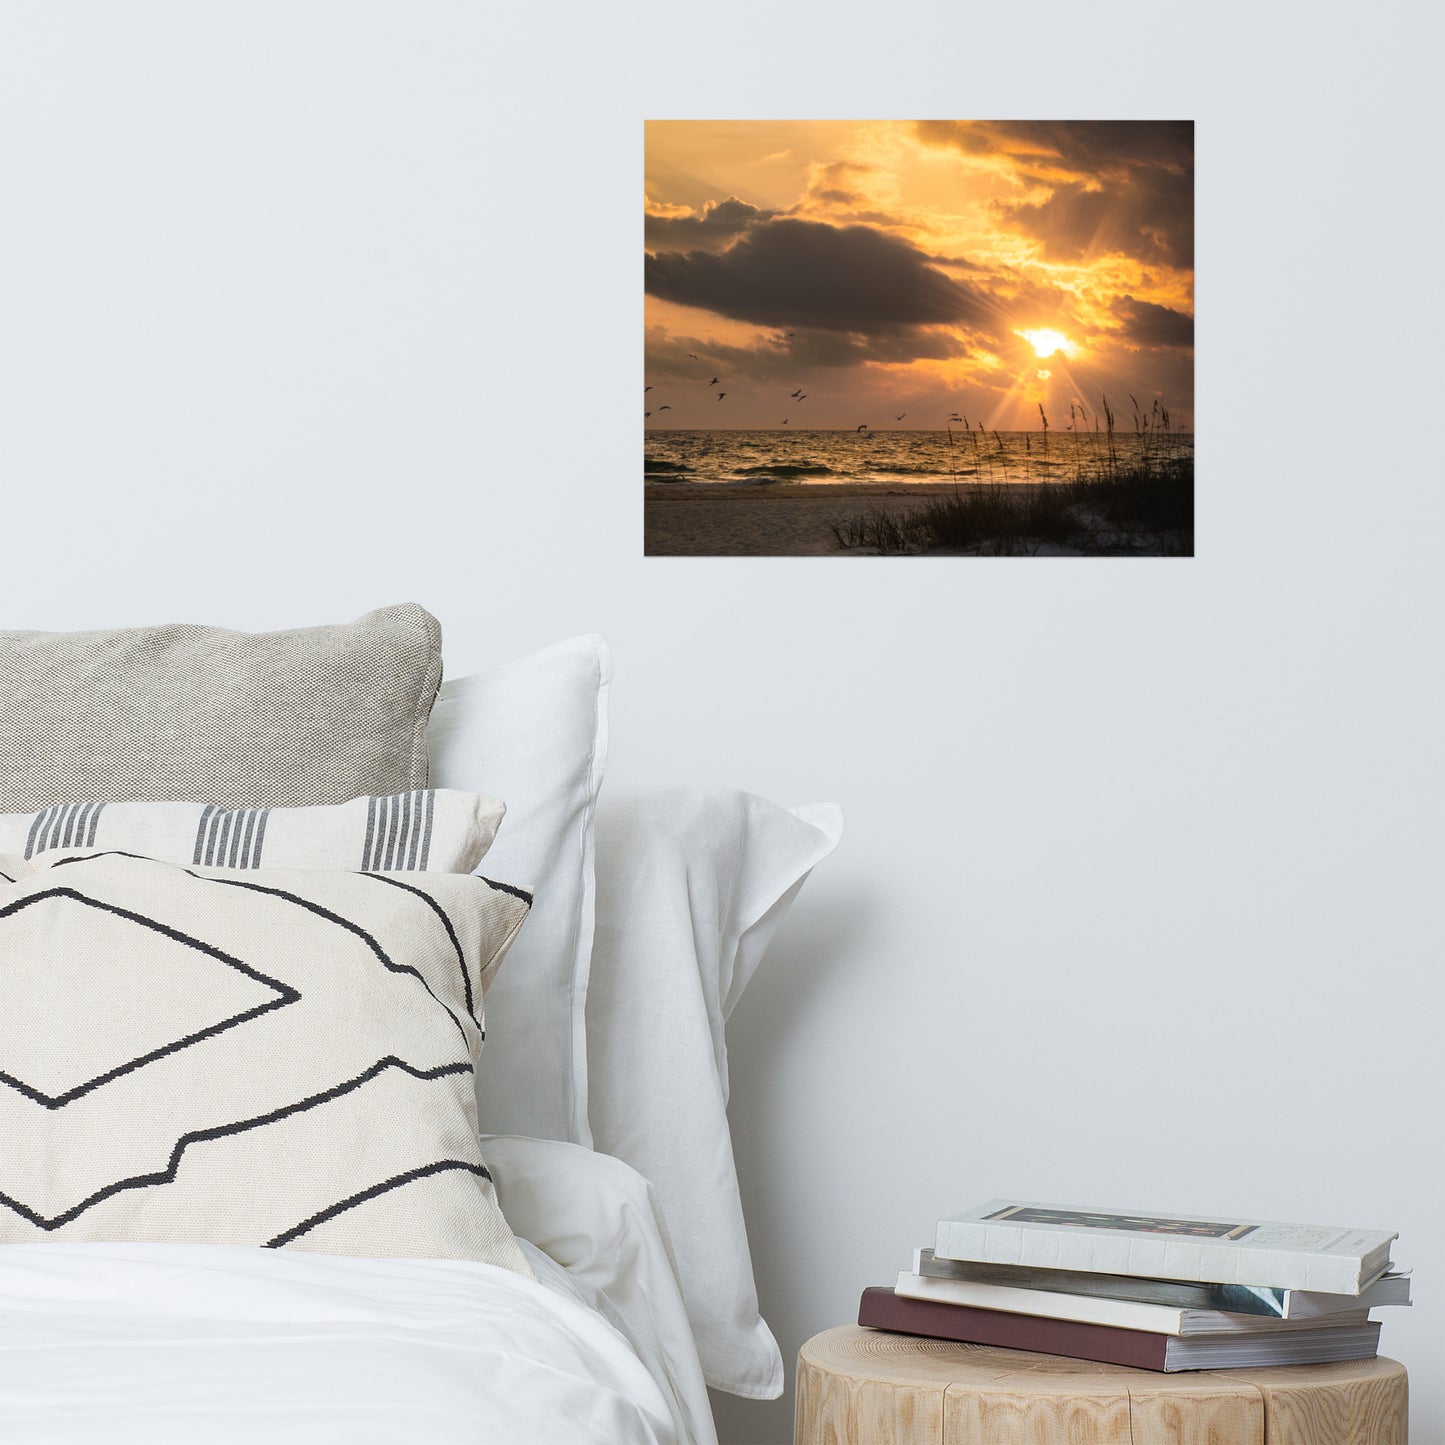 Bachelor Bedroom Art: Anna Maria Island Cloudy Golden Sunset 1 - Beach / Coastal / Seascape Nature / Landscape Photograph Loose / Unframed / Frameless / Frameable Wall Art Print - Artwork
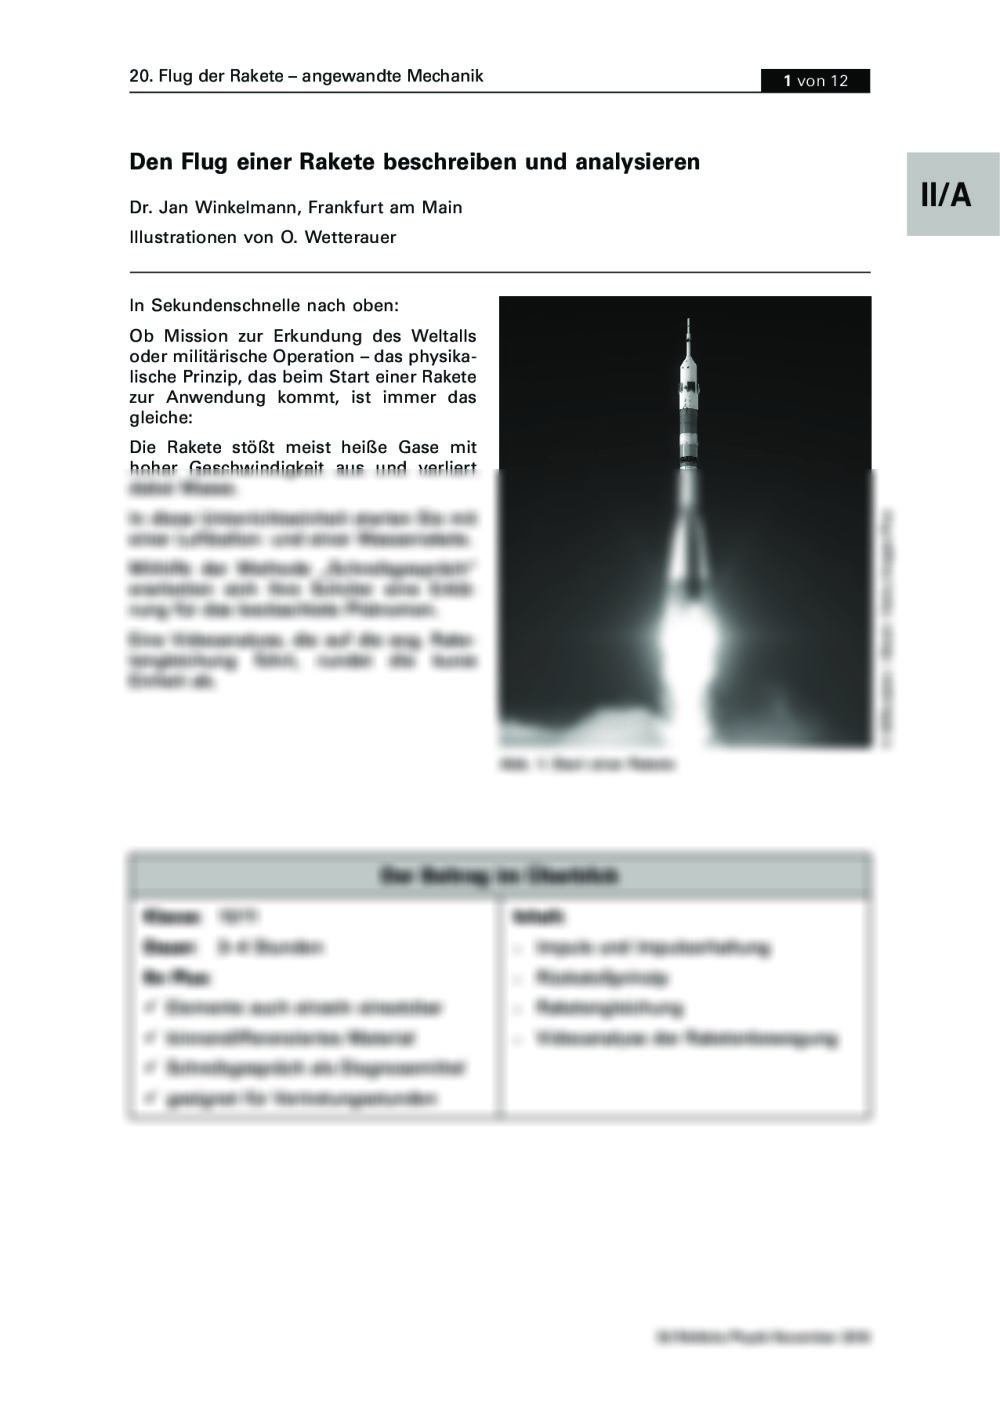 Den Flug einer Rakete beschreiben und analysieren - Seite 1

--

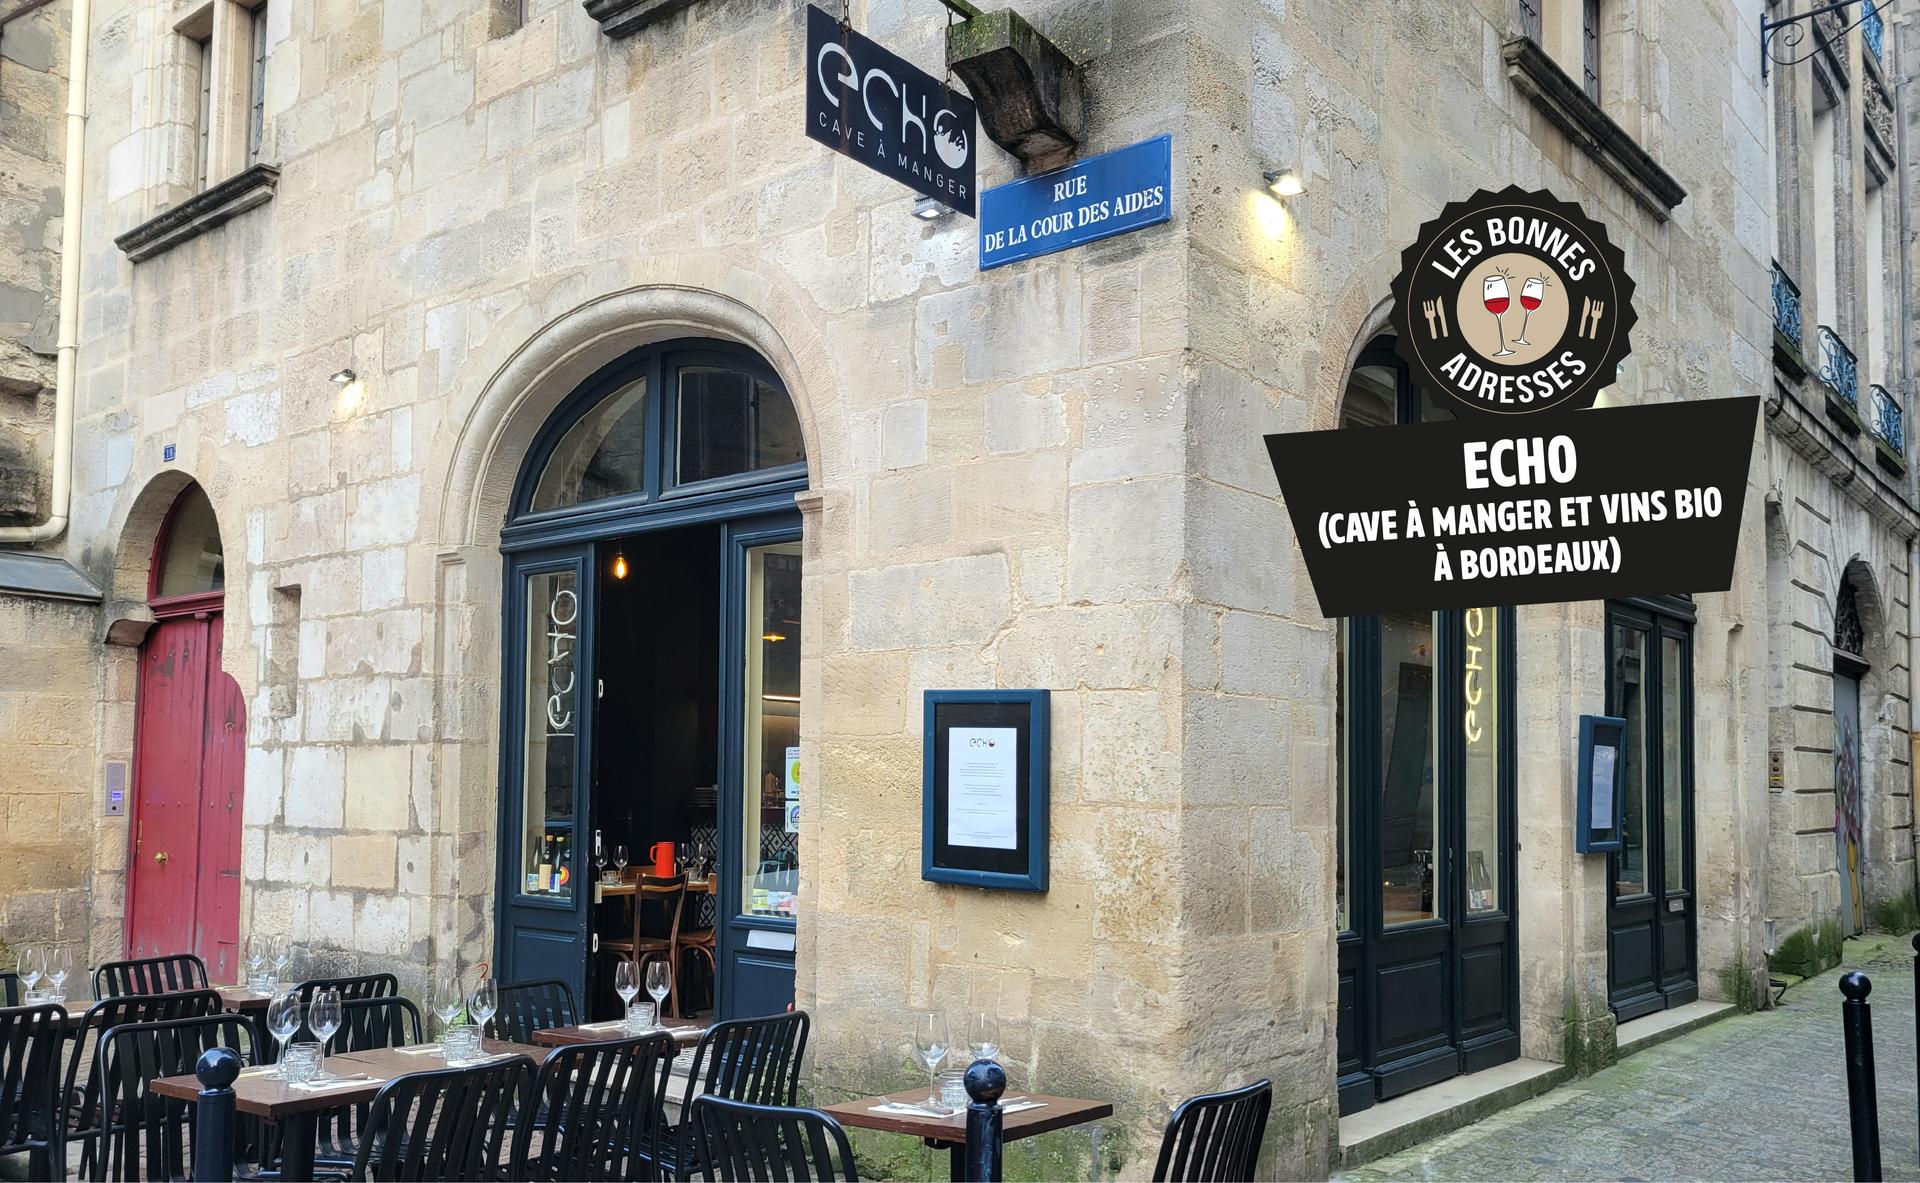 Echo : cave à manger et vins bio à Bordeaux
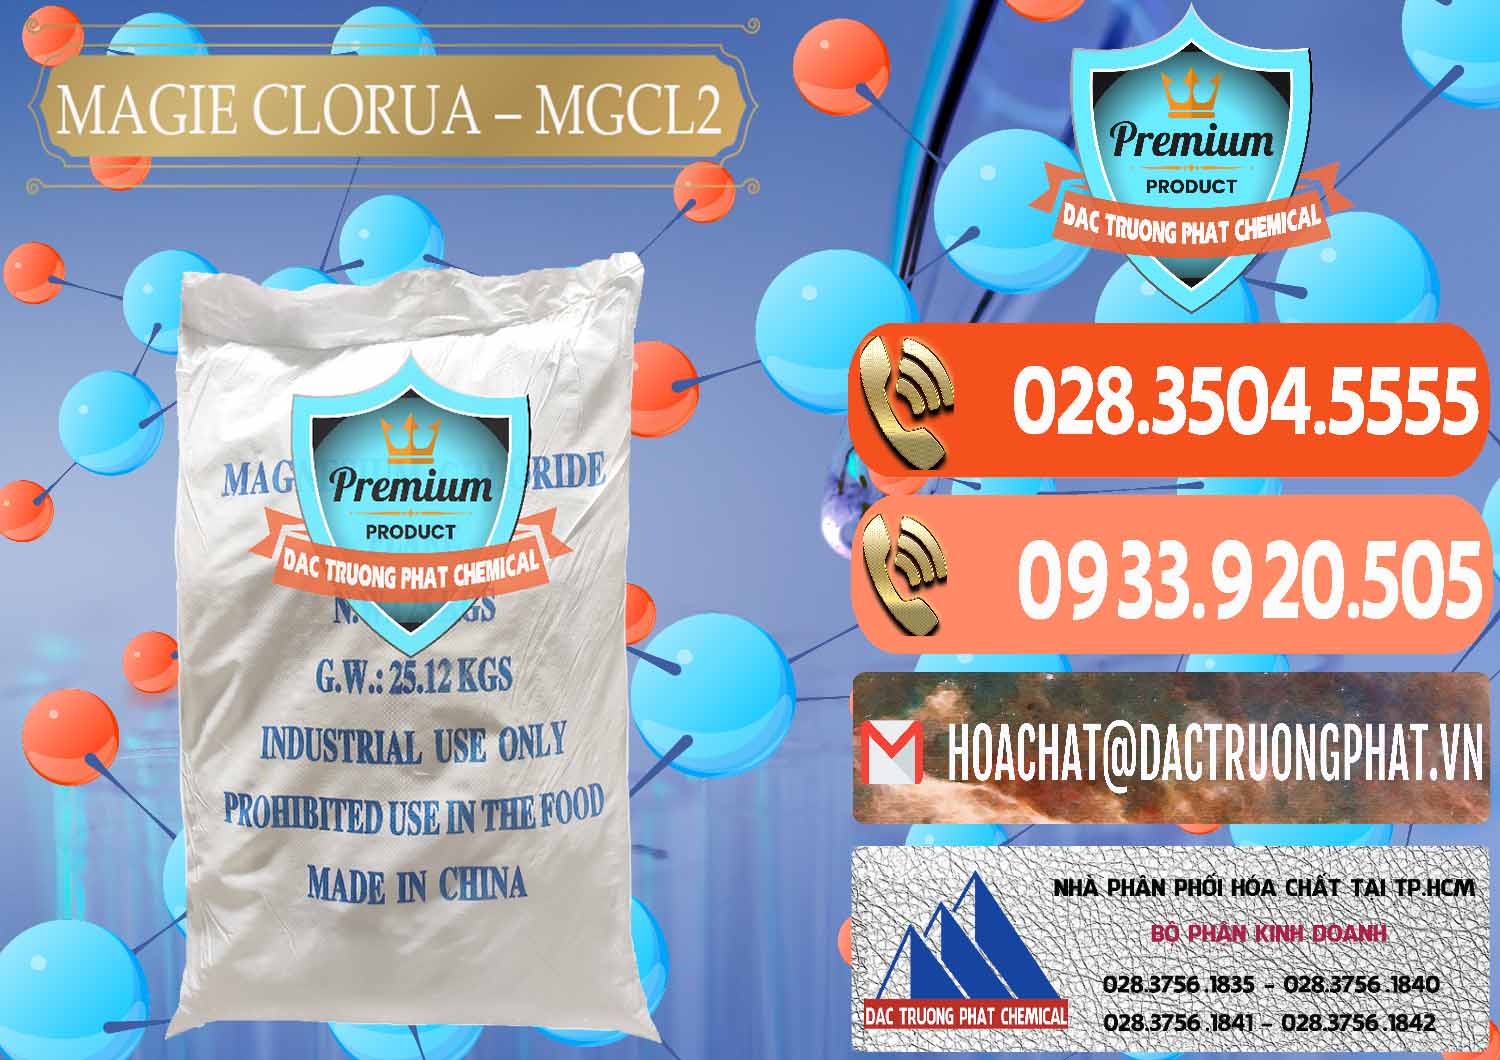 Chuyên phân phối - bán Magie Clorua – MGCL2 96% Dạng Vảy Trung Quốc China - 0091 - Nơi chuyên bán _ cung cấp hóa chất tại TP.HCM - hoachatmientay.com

--

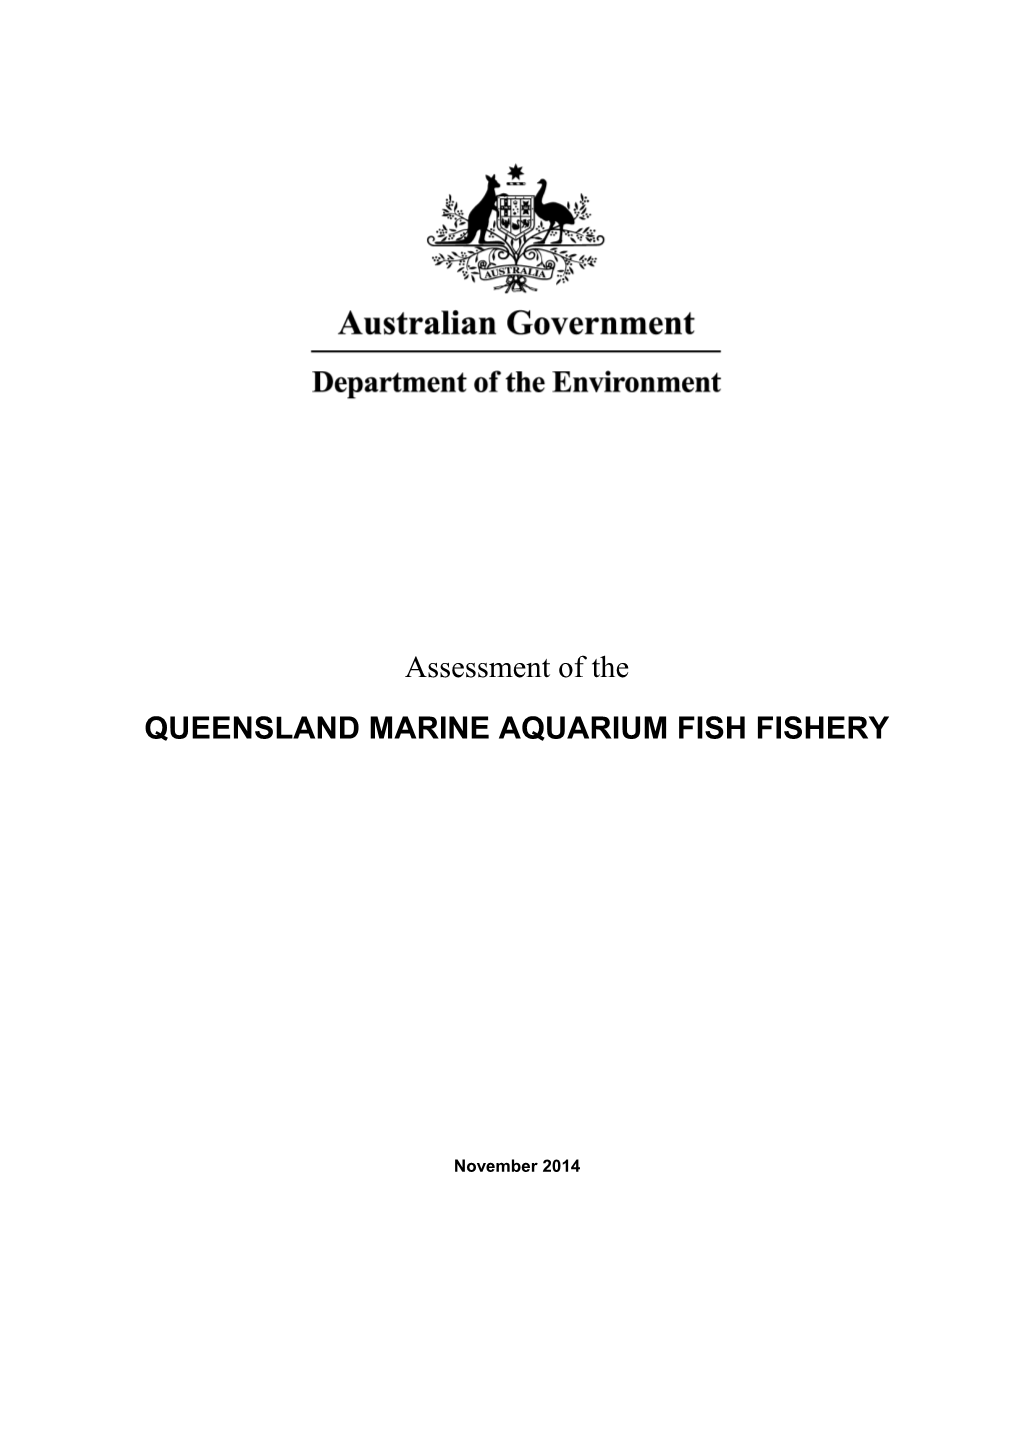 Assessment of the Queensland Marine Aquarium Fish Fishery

> Your goal
Within the data above, repeat exactly the lines from the one bearing "Bachelor Bedroom Art: Anna" through the one bearing "Den Flug einer". Include no pictures and nothing else.

> Exercise solution
 Bachelor Bedroom Art: Anna Maria Island Cloudy Golden Sunset 1 - Beach / Coastal / Seascape Nature / Landscape Photograph Loose / Unframed / Frameless / Frameable Wall Art Print - Artwork
 Den Flug einer Rakete beschreiben und analysieren - Seite 1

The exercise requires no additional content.